> **Work to complete**
Using only the entries below, output the lines starting at the one containing "obklad-hotelovy-bazen-keramika.jpg" and ending at the one containing "reclamebureau Nijverdal ontwerp vrachtwagen", exactly and inclusive of both, omitting the pictures.

> **Data provided**
■ ■ ■ ■ ■

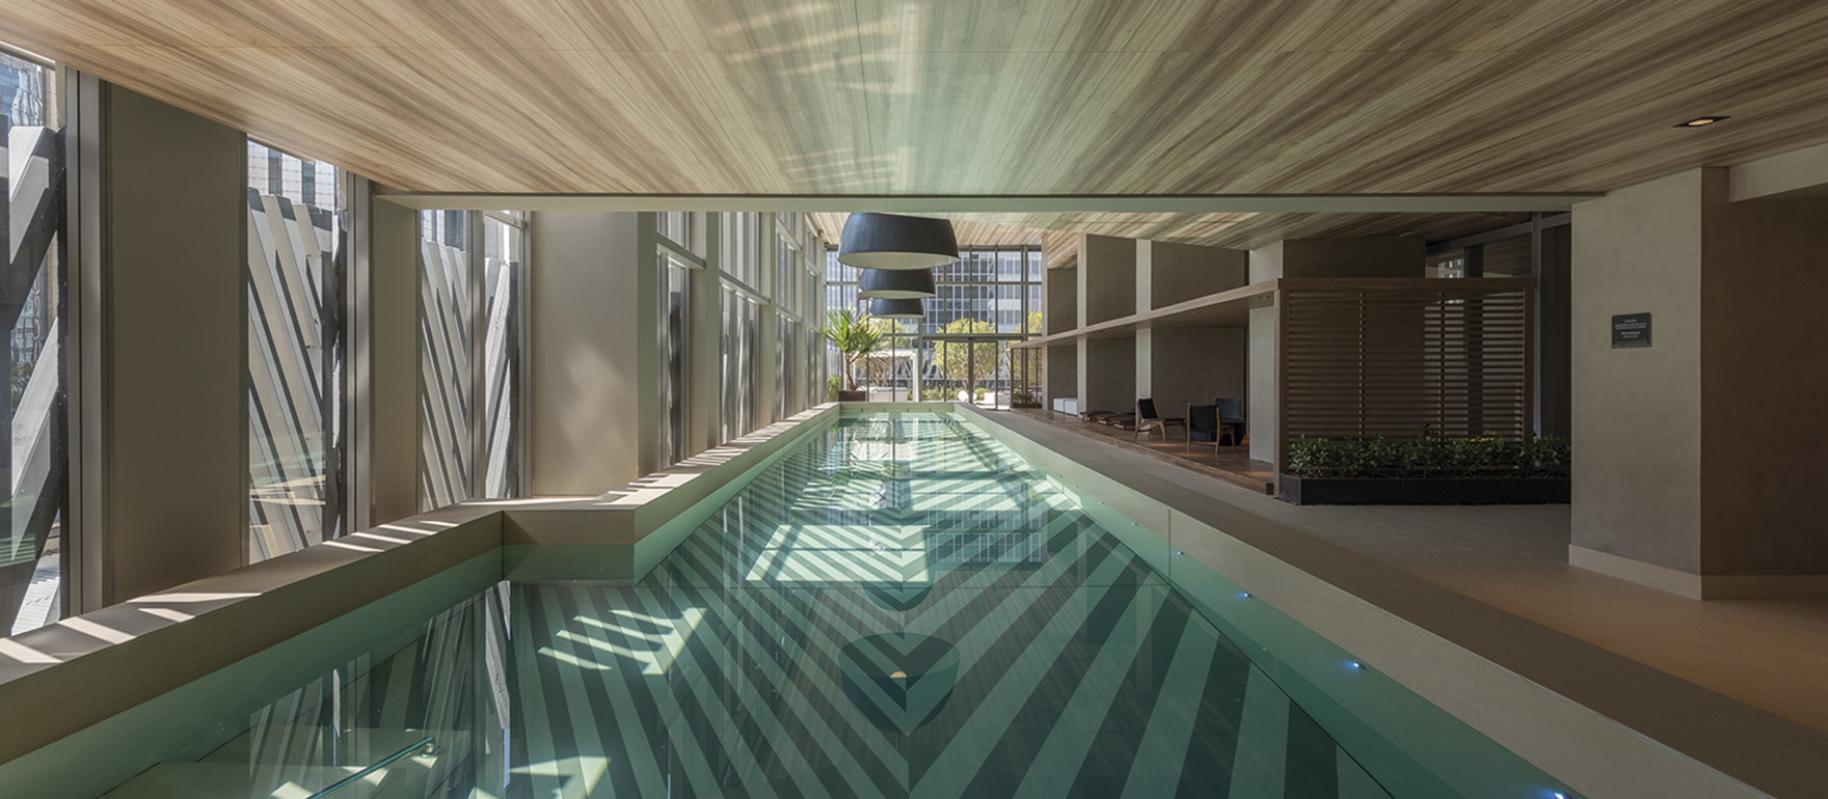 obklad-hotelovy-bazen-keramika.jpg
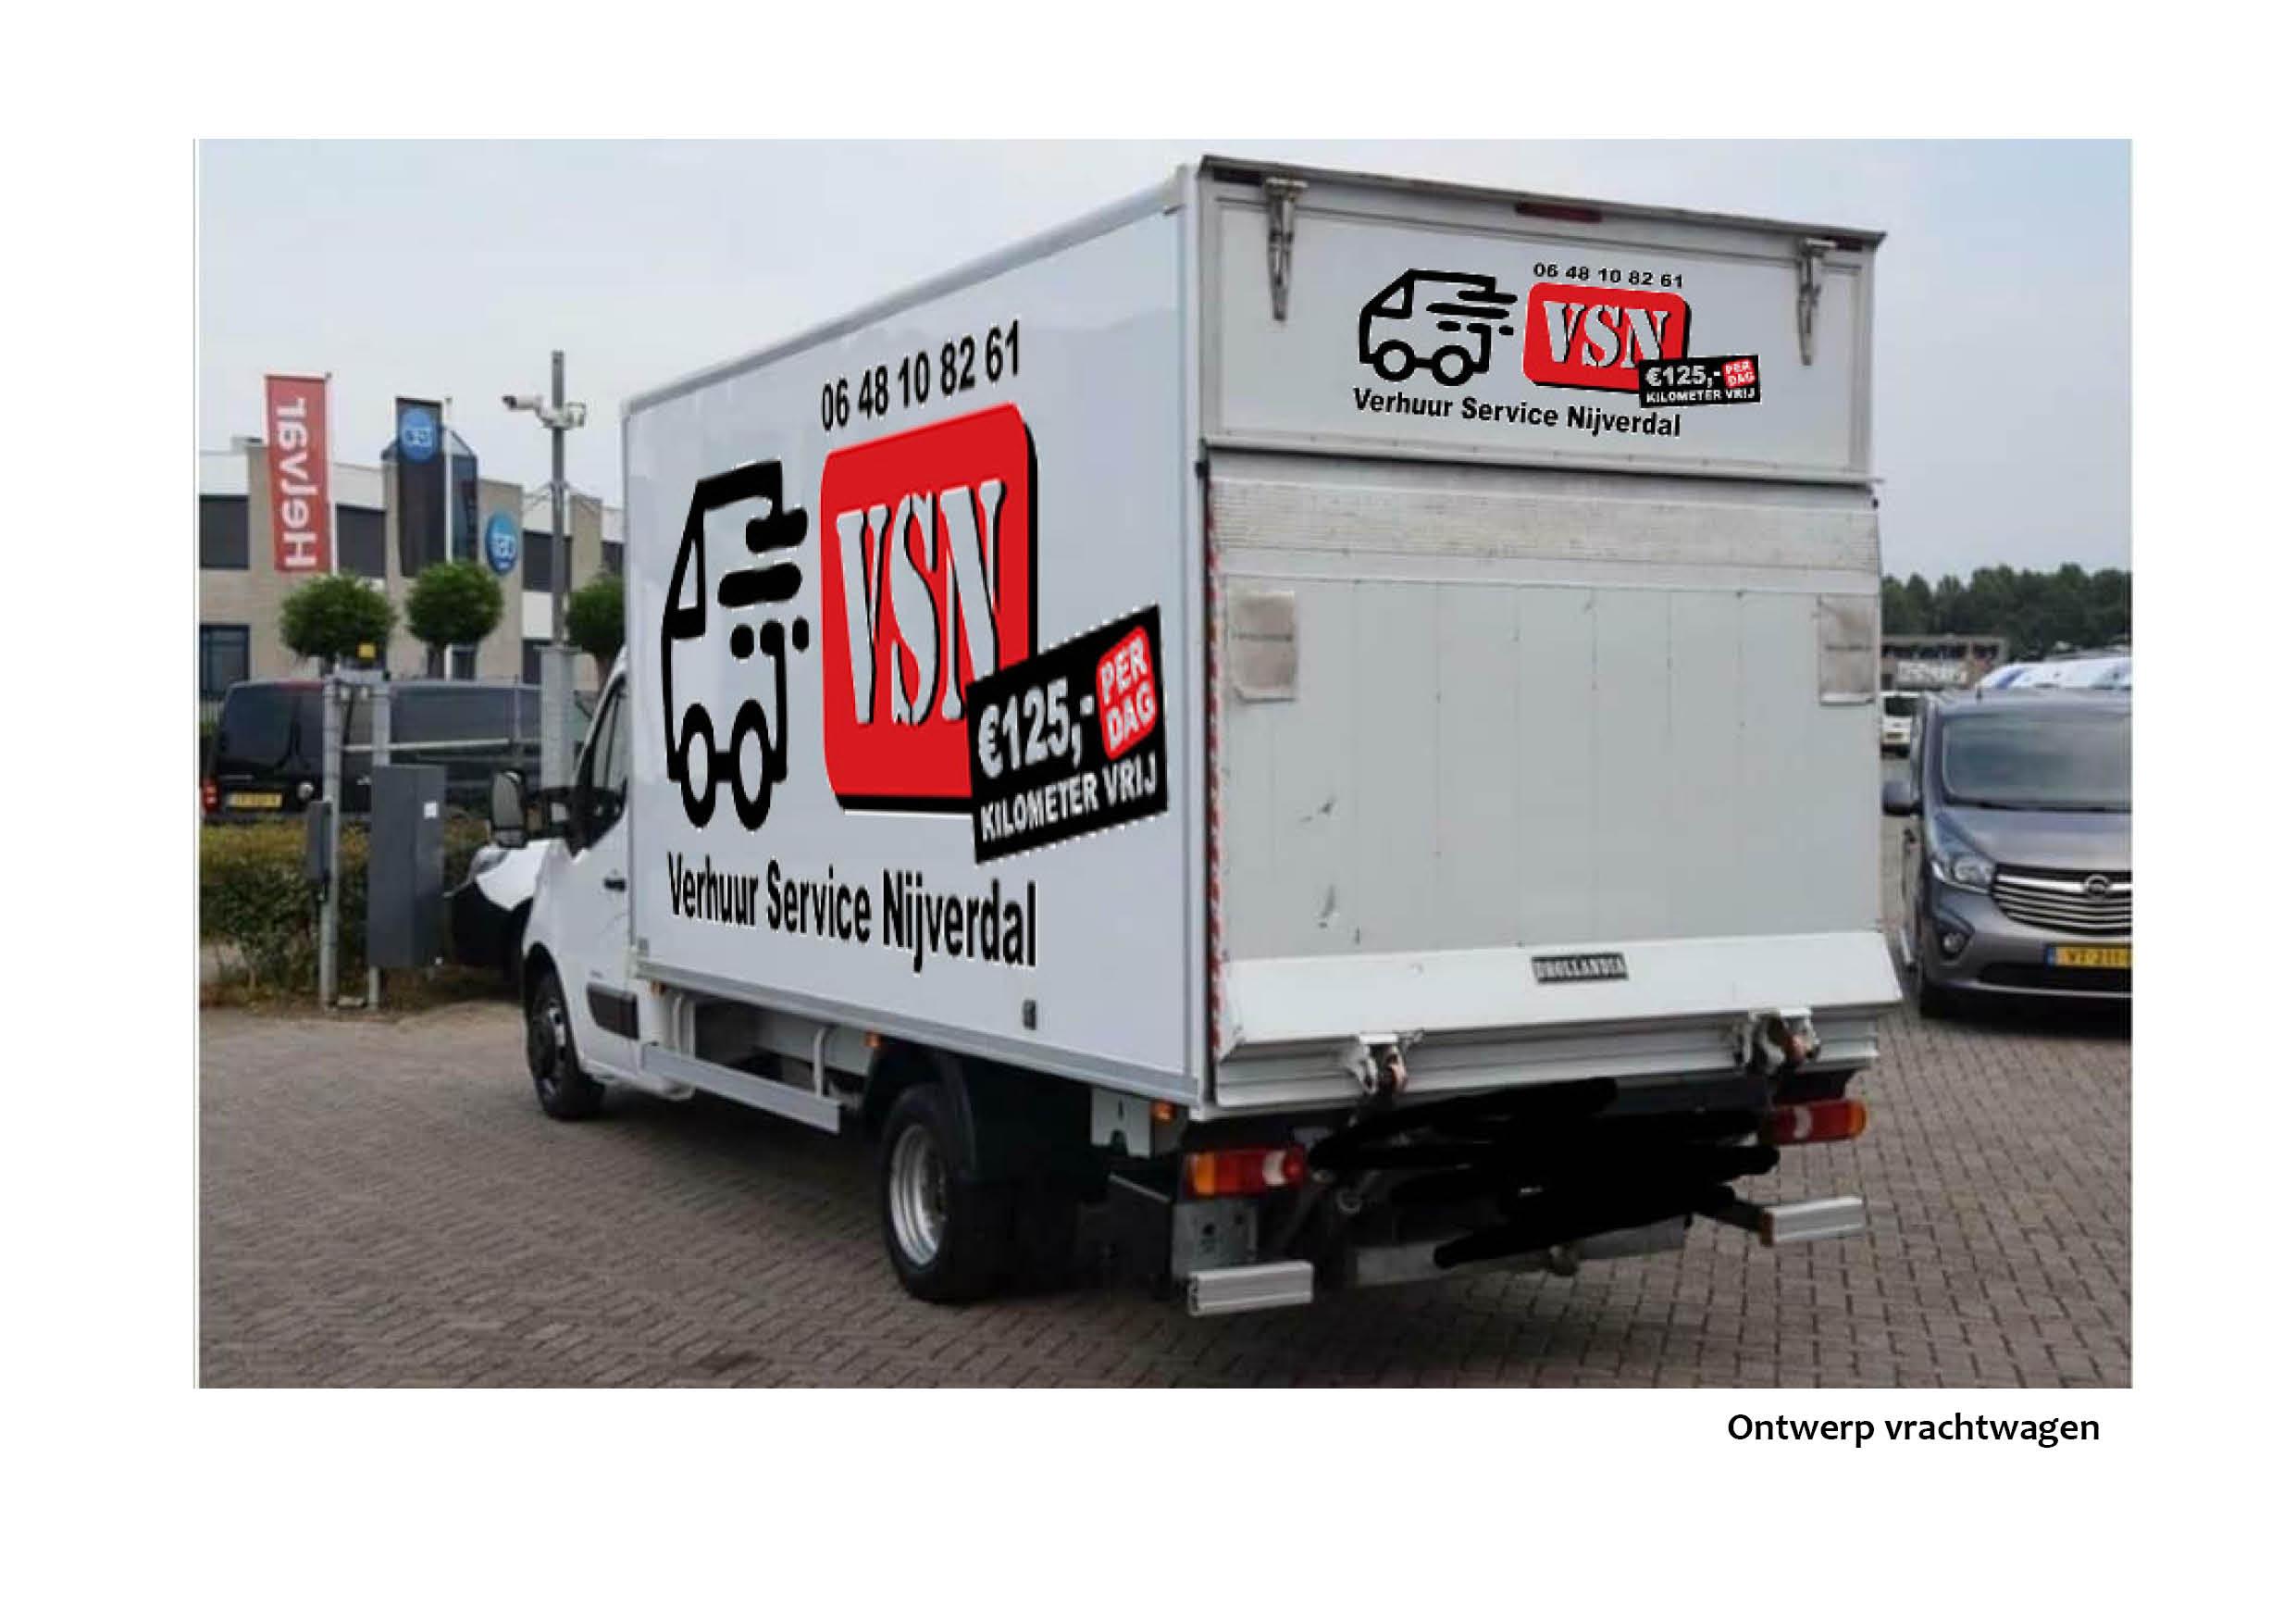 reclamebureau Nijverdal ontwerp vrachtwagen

■ ■ ■ ■ ■

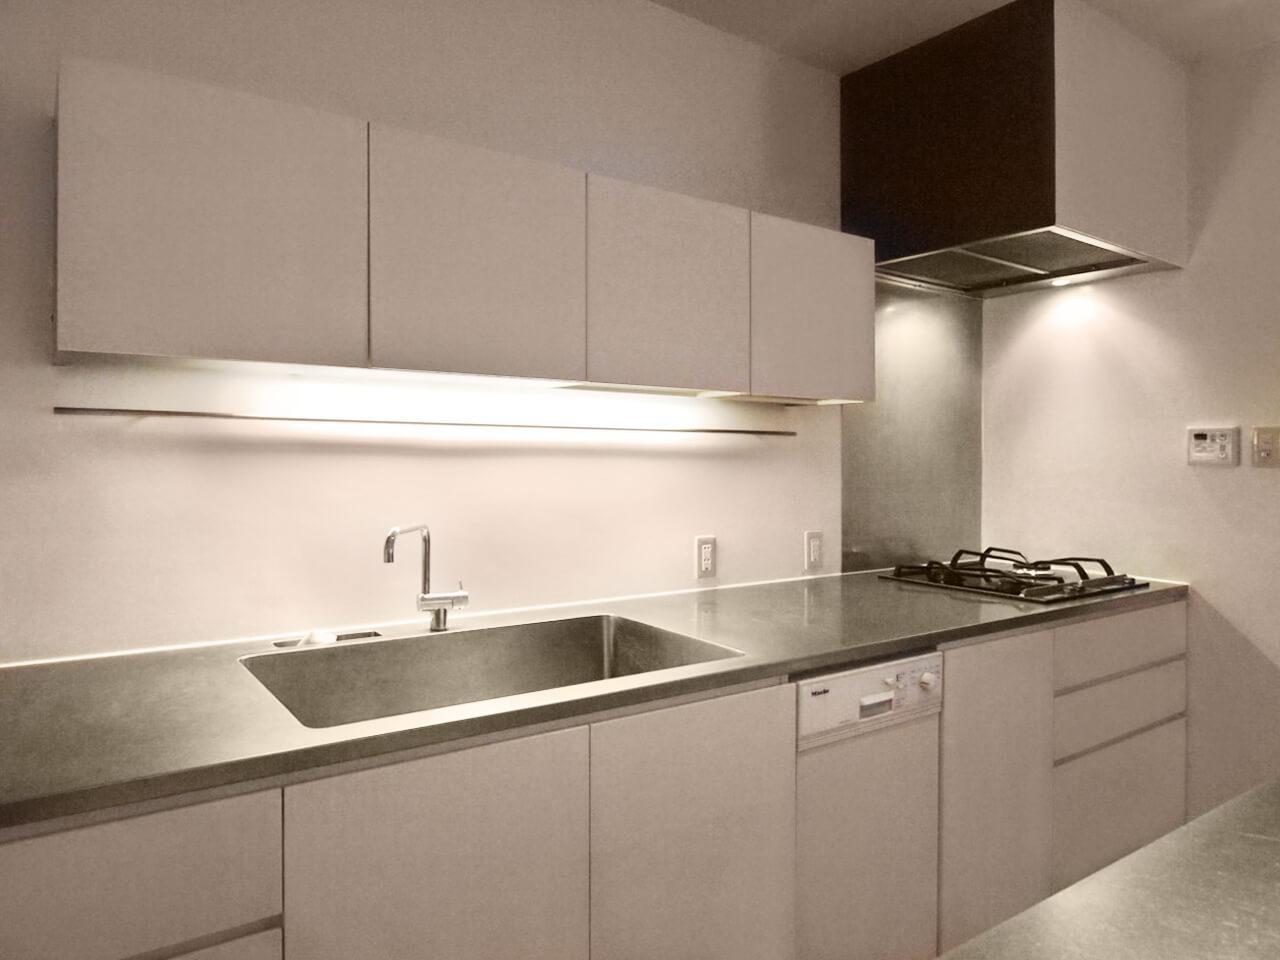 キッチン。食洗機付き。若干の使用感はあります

■ ■ ■ ■ ■

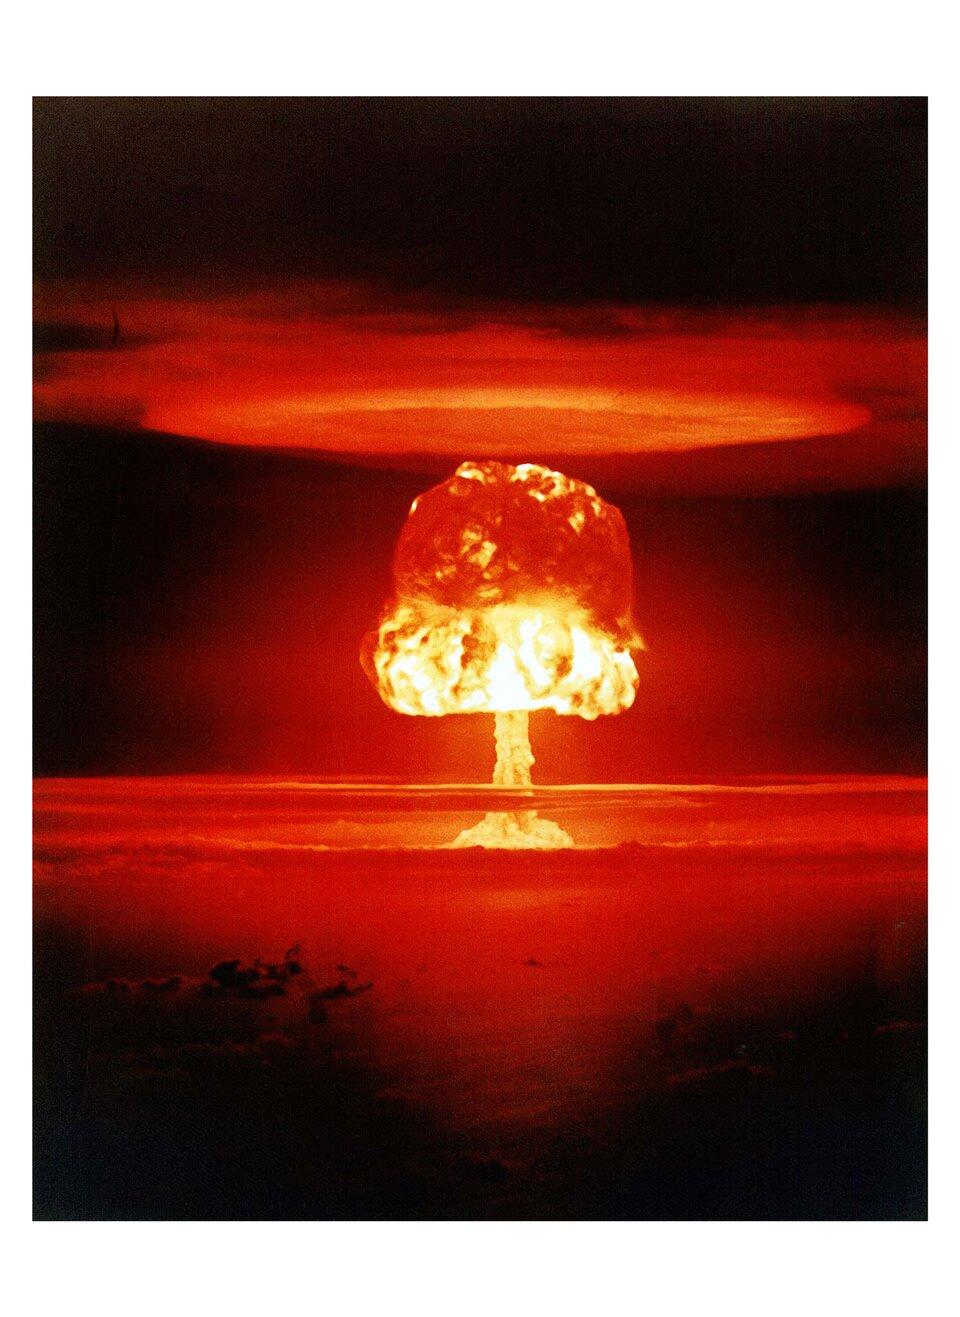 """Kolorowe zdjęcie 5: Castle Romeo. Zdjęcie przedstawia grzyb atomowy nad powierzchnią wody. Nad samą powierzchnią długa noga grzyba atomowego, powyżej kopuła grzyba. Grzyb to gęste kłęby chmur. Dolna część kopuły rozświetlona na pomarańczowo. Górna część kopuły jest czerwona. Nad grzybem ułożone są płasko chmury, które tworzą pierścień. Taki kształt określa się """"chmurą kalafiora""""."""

■ ■ ■ ■ ■

> **Result of this task**
 obklad-hotelovy-bazen-keramika.jpg
 reclamebureau Nijverdal ontwerp vrachtwagen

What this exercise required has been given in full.